#### PROBLEM REQUIREMENTS
Would you give the listing again exactly, without its images?

#### INPUT DATA
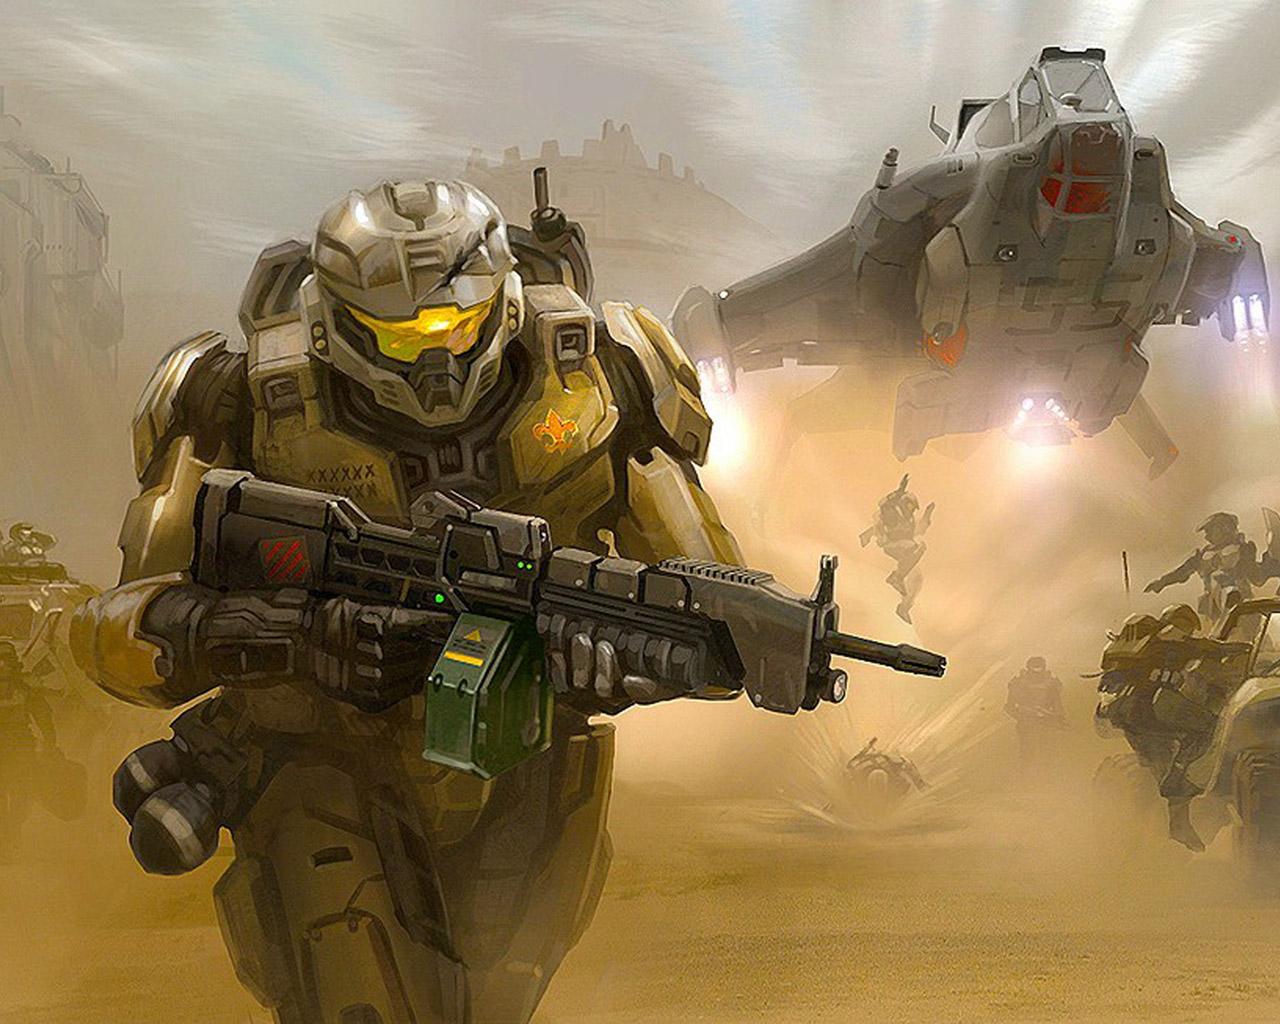 Halo: Reach Wallpaper in 1280x1024
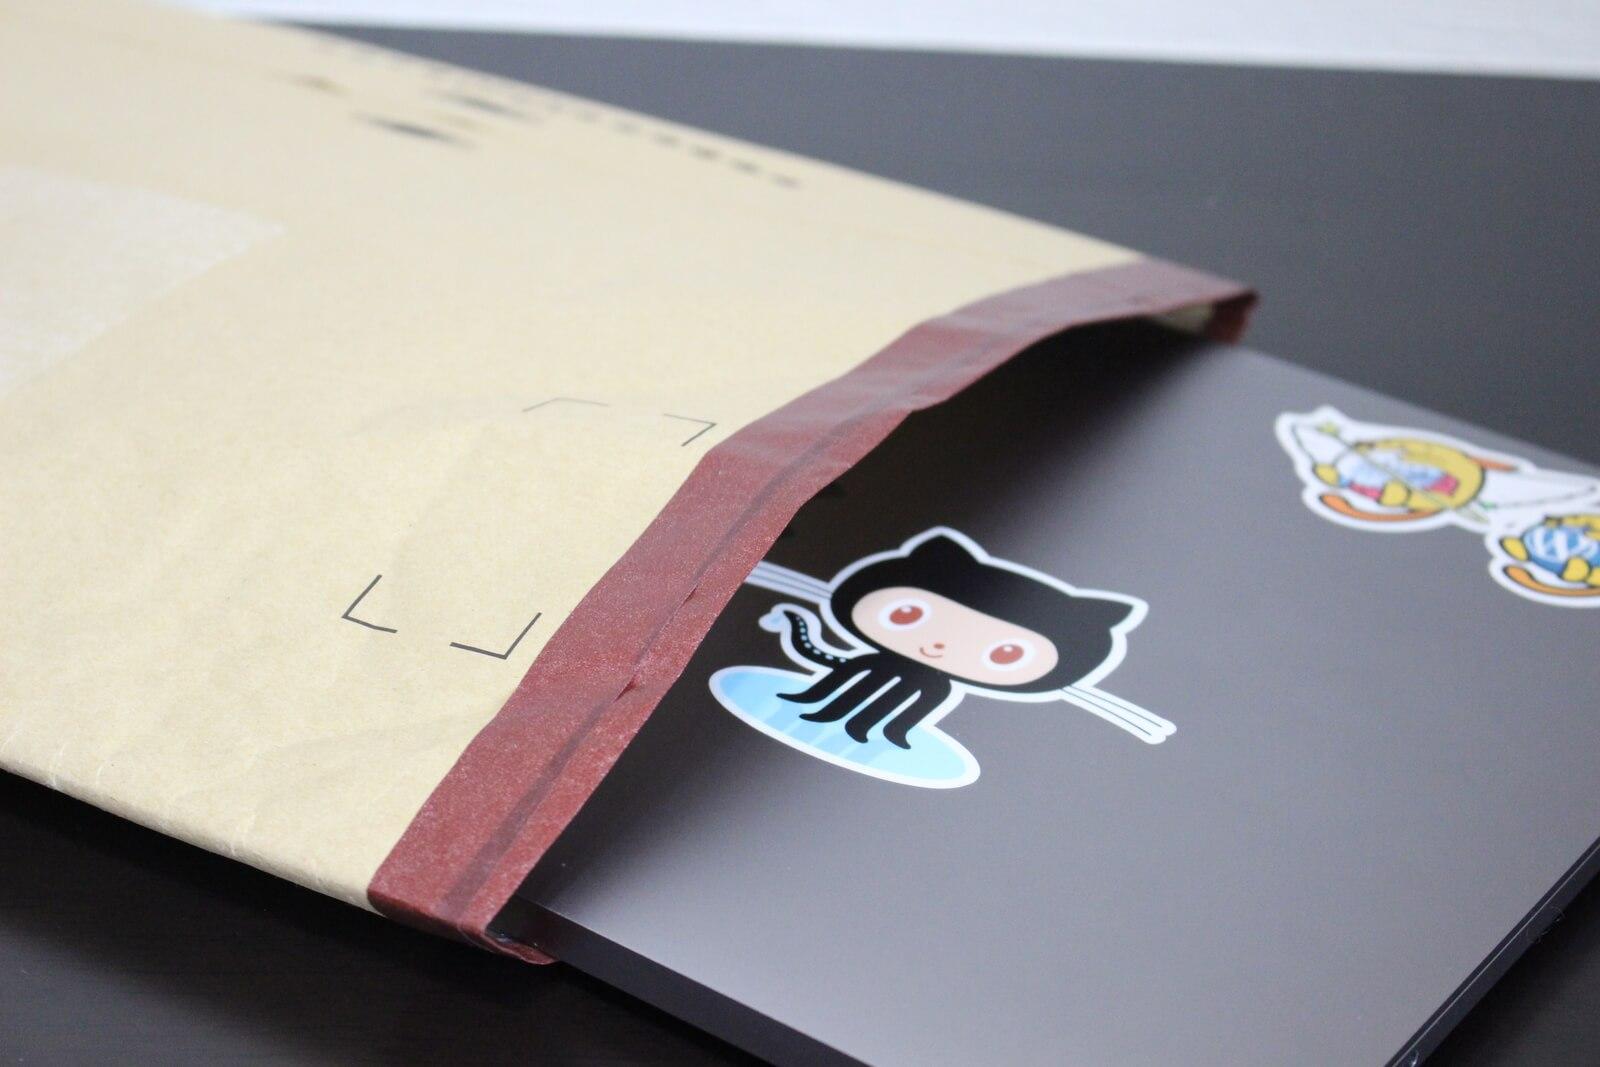 Amazonの梱包袋で作る、お手軽PCケースがシンプルイズベスト
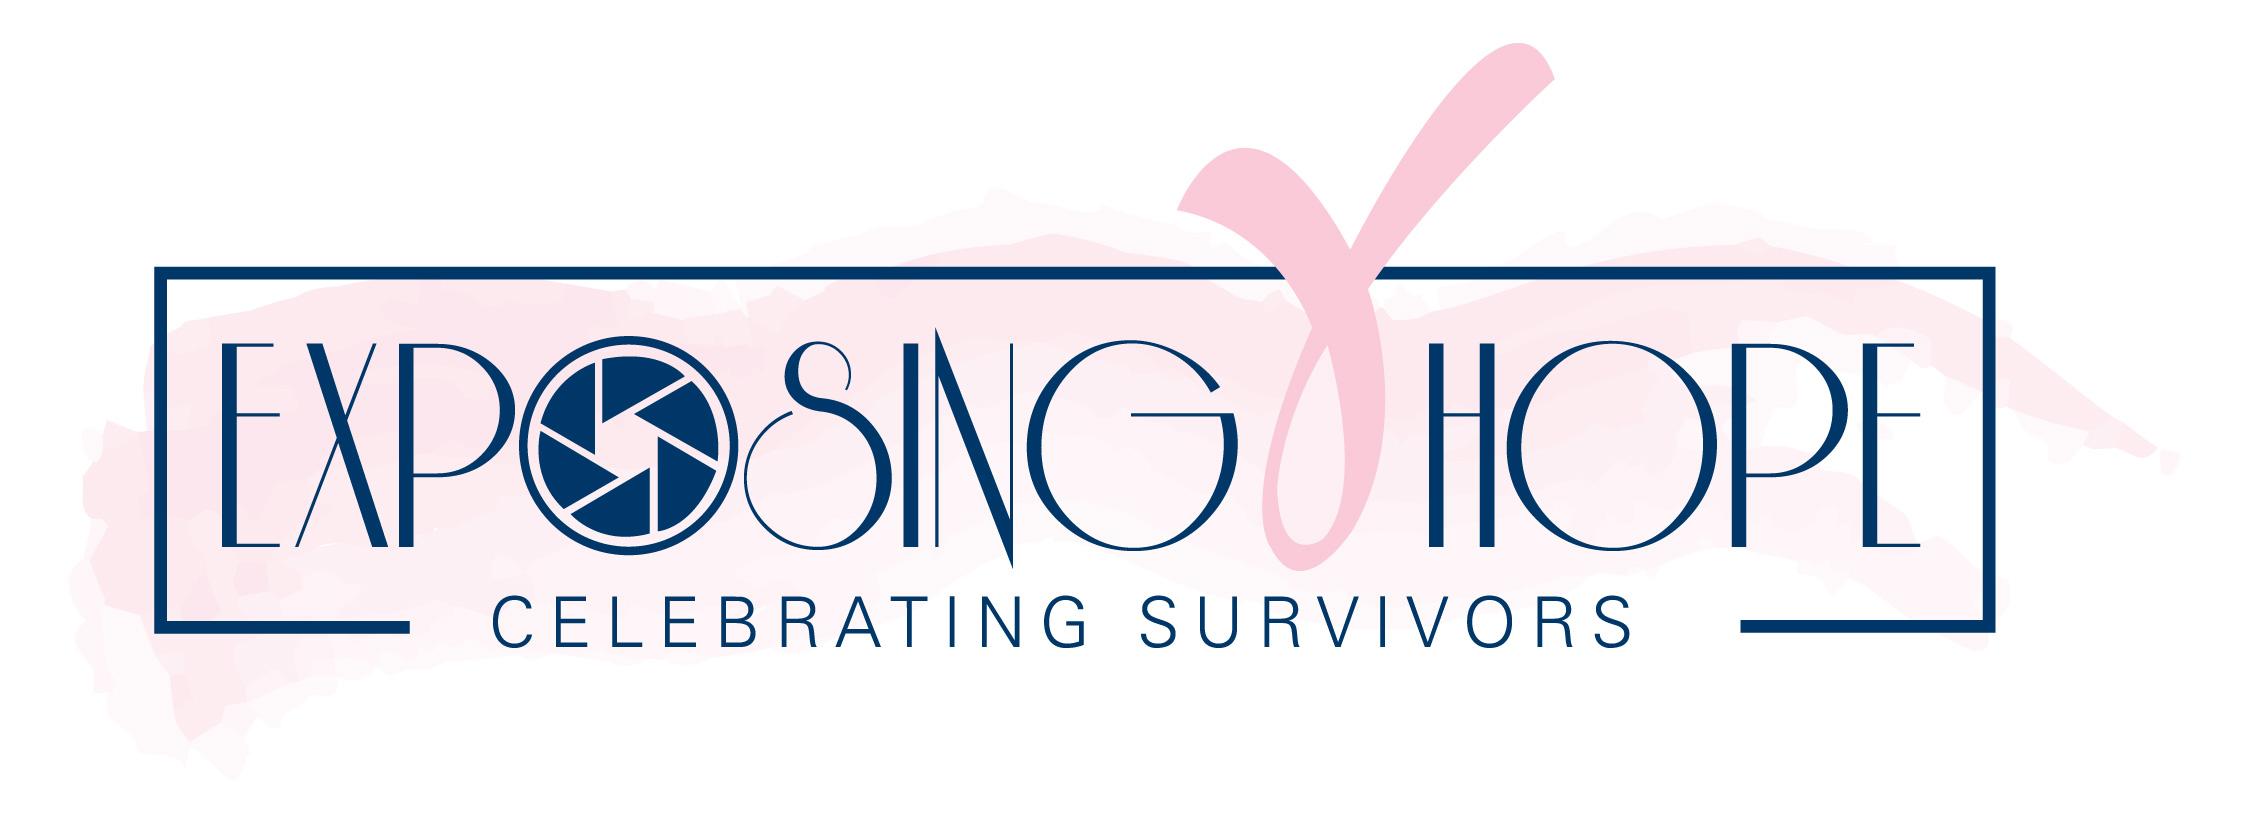 Exposed_Hope_Logo_Pink_Bkgd.jpg

#### WRITTEN RESPONSE
 Halo: Reach Wallpaper in 1280x1024
 Amazonの梱包袋で作る、お手軽PCケースがシンプルイズベスト
 Exposed_Hope_Logo_Pink_Bkgd.jpg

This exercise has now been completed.